Dynamic Hand Gesture Recognition Based on 3D Hand Pose Estimation for Human-Robot Interaction

Qing Gao,Yongquan Chen,Zhaojie Ju,Yi Liang
DOI: https://doi.org/10.1109/jsen.2021.3059685
IF: 4.3
2021-01-01
IEEE Sensors Journal
Abstract:Dynamic hand gesture recognition is a challenging problem in the area of hand-based human–robot interaction (HRI), such as issues of a complex environment and dynamic perception. In the context of this problem, we learn from the principle of the data-glove-based hand gesture recognition method and propose a dynamic hand gesture recognition method based on 3D hand pose estimation. This method uses 3D hand pose estimation, data fusion and deep neural network to improve the recognition accuracy of dynamic hand gestures. First, a 2D hand pose estimation method based on OpenPose is improved to obtain a fast 3D hand pose estimation method. Second, the weighted sum fusion method is utilized to combine the RGB, depth and 3D skeleton data of hand gestures. Finally, a 3DCNN + ConvLSTM framework is used to identify and classify the combined dynamic hand gesture data. In the experiment, the proposed method is verified on a developed dynamic hand gesture database for HRI and gets 92.4% accuracy. Comparative experiment results verify the reliability and efficiency of the proposed method.

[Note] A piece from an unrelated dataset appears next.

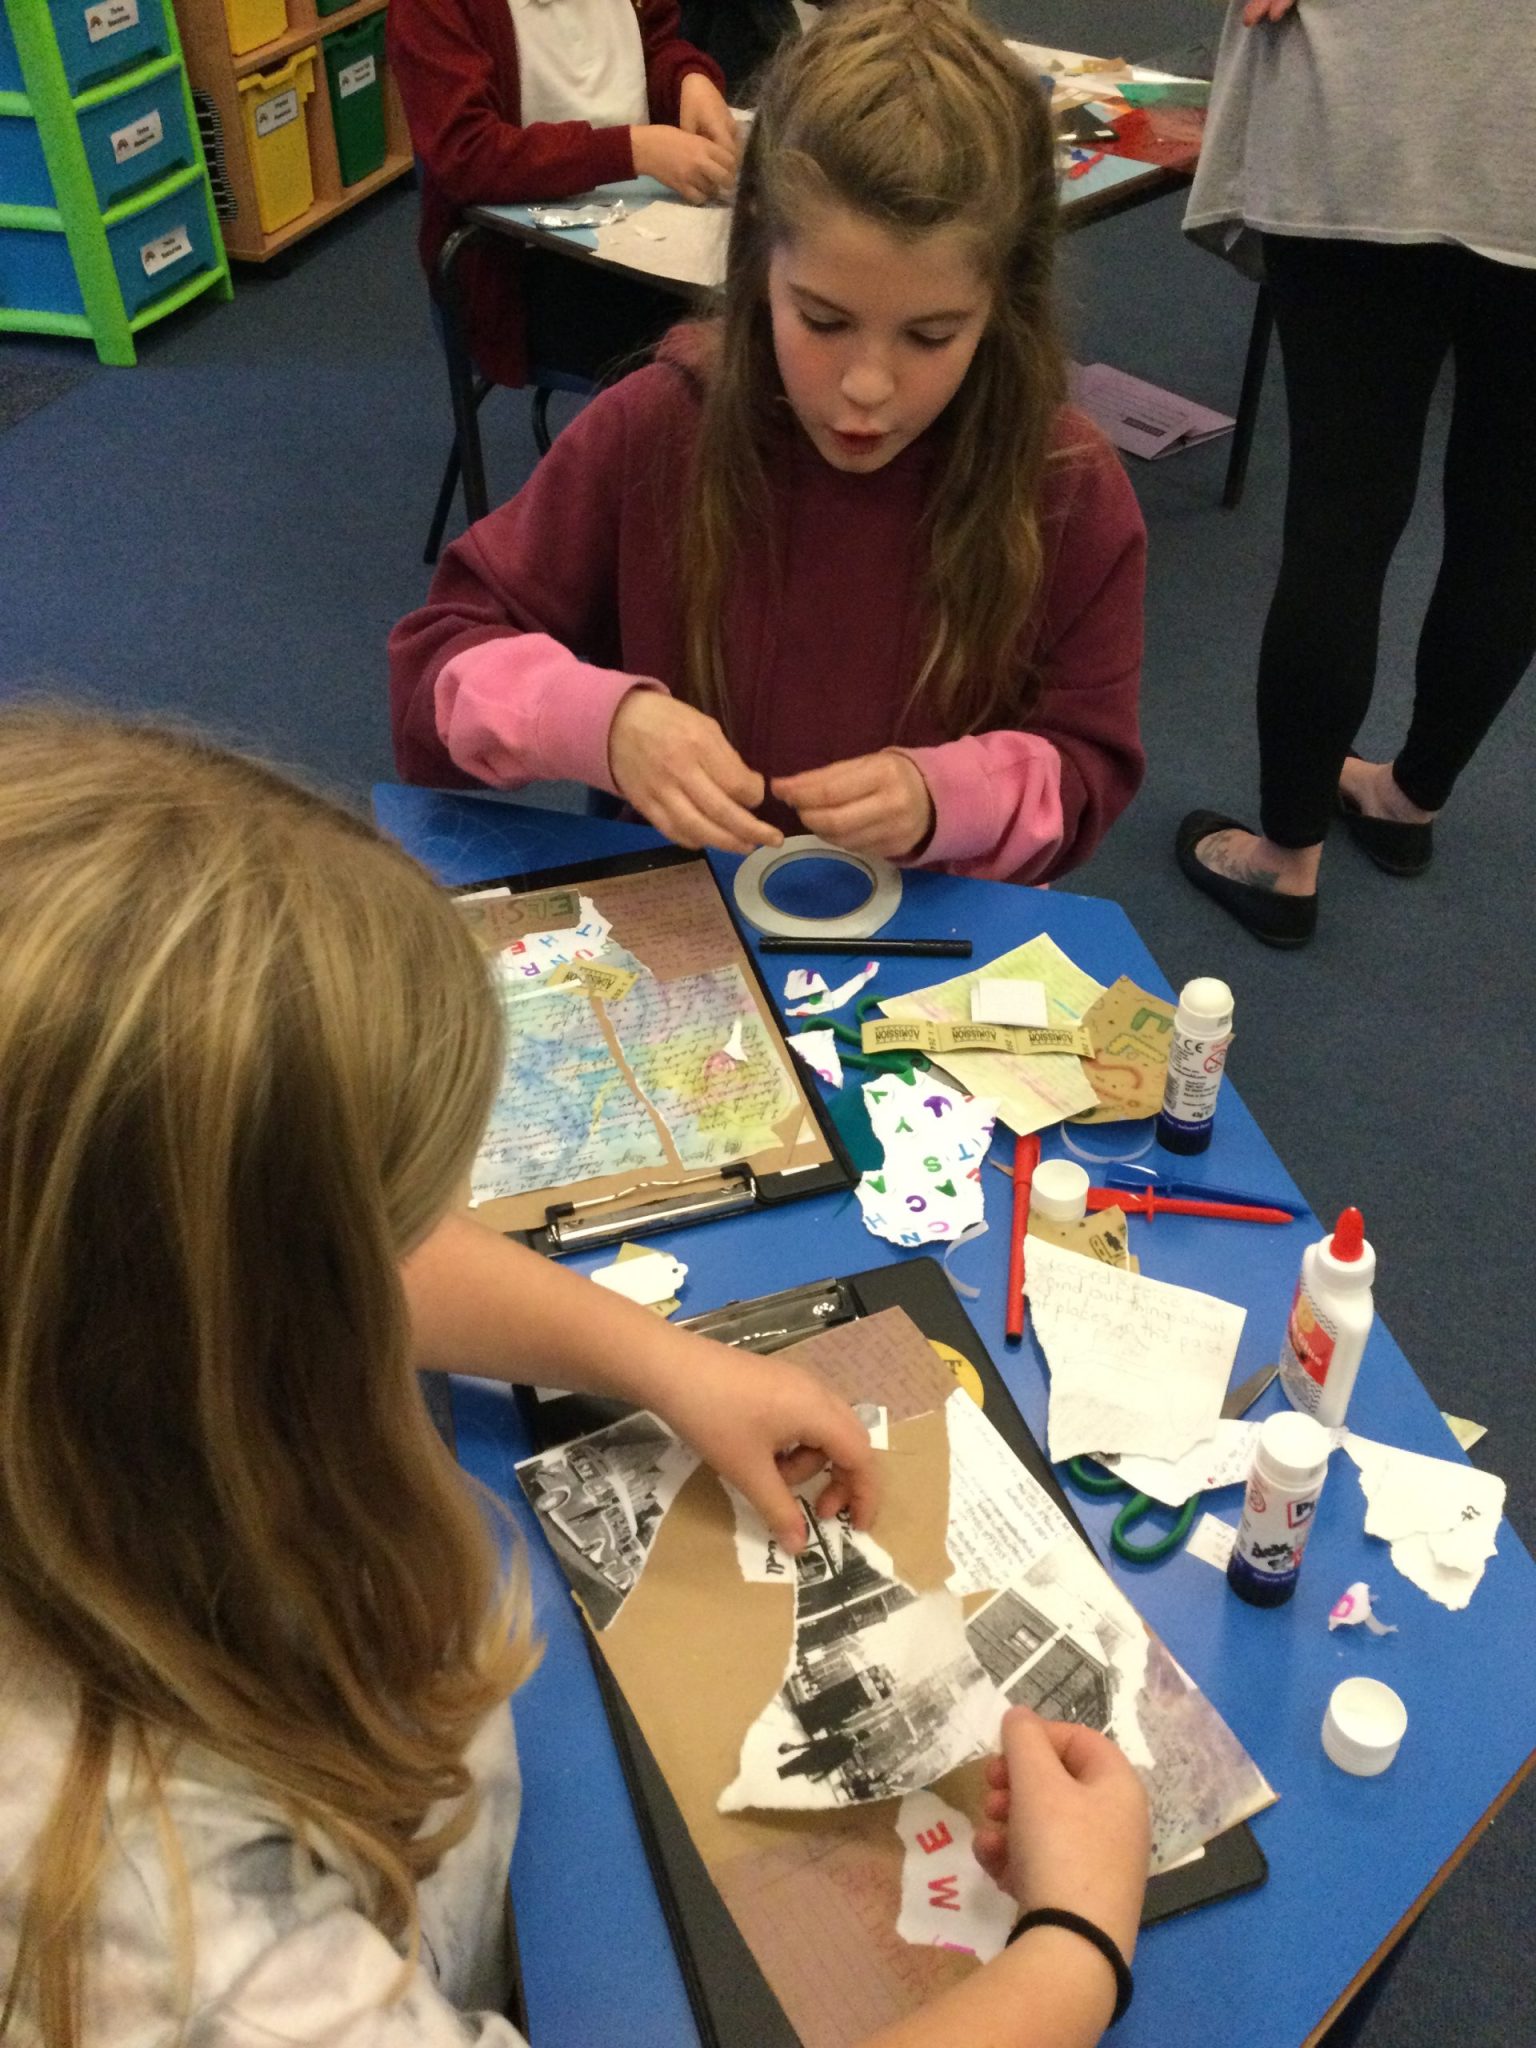 Two children seated at a table with glue, tape and an assortment of pictures which they are tearing up to use in their collage

engineering, electrical & electronic,instruments & instrumentation,physics, applied
What problem does this paper attempt to address?

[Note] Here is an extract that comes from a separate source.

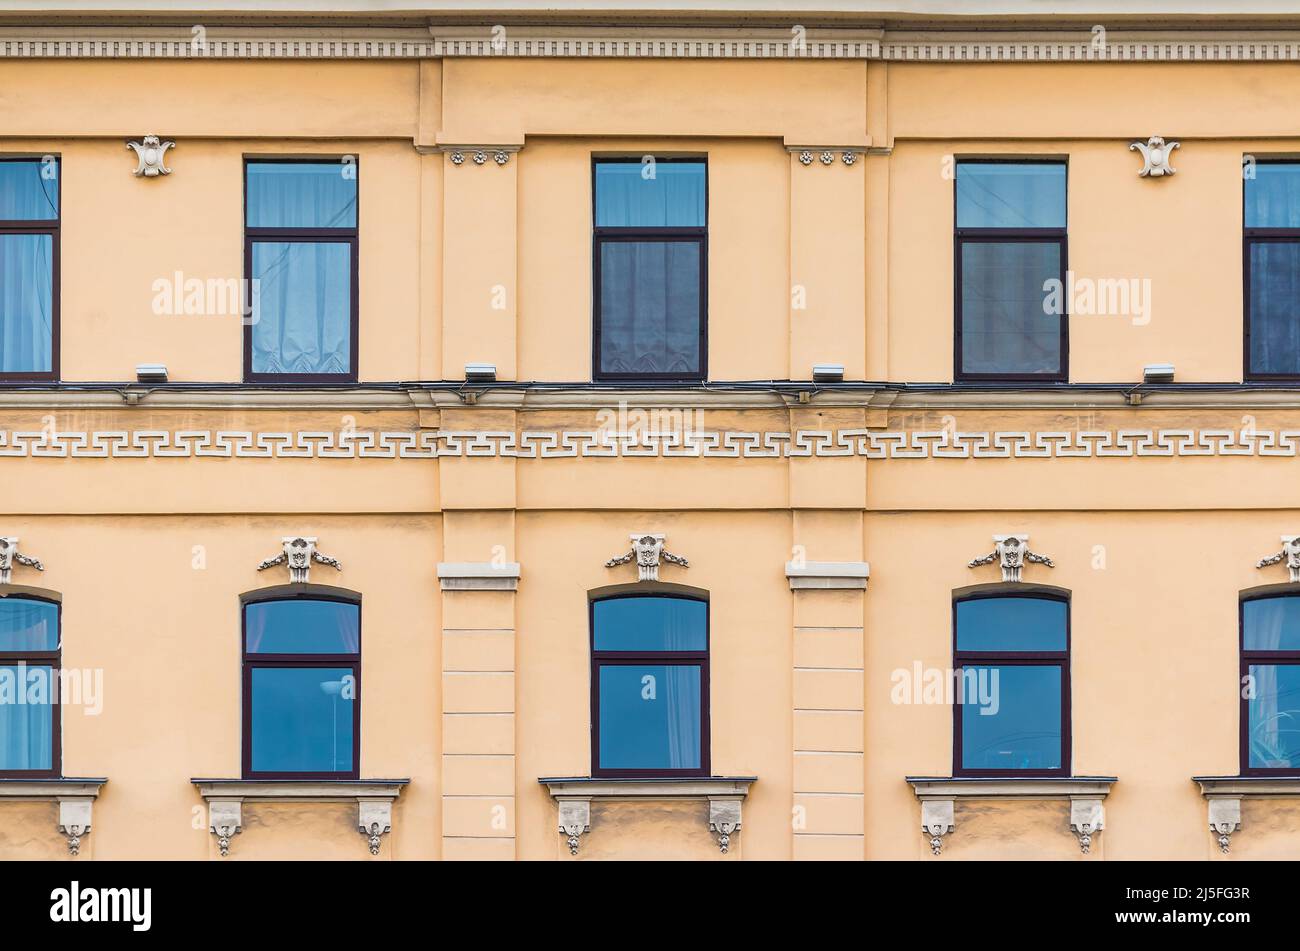 Many windows in a row on the facade of the urban historic apartment building front view, Saint Petersburg, Russia Stock Photo

This paper attempts to address several key issues in dynamic gesture recognition, particularly those encountered in vision-based human-robot interaction (HRI). Specifically: 1. **Dynamic Perception in Complex Environments**: Existing methods struggle to accurately recognize dynamic gestures in complex backgrounds and environments. 2. **Extraction of Spatiotemporal Features**: Dynamic gestures contain spatial and temporal features, which pose challenges to existing static gesture recognition methods. 3. **Accuracy of Hand Pose Estimation**: Accurately detecting and estimating hand poses is crucial for dynamic gesture recognition. To address these issues, the authors propose a dynamic gesture recognition method based on 3D hand pose estimation. This method is implemented through the following steps: 1. **Improved 2D Hand Pose Estimation**: First, an improved OpenPose method is used to obtain fast 2D hand pose estimation from RGB images. 2. **Data Fusion**: RGB images, depth images, and 3D skeleton data are fused through weighted summation to fully utilize multimodal information. 3. **Feature Extraction and Classification**: Finally, a 3DCNN + ConvLSTM framework is used to recognize and classify the fused dynamic gesture data. Experimental results show that this method achieved an accuracy of 92.4% on the developed dynamic gesture database, validating its reliability and effectiveness.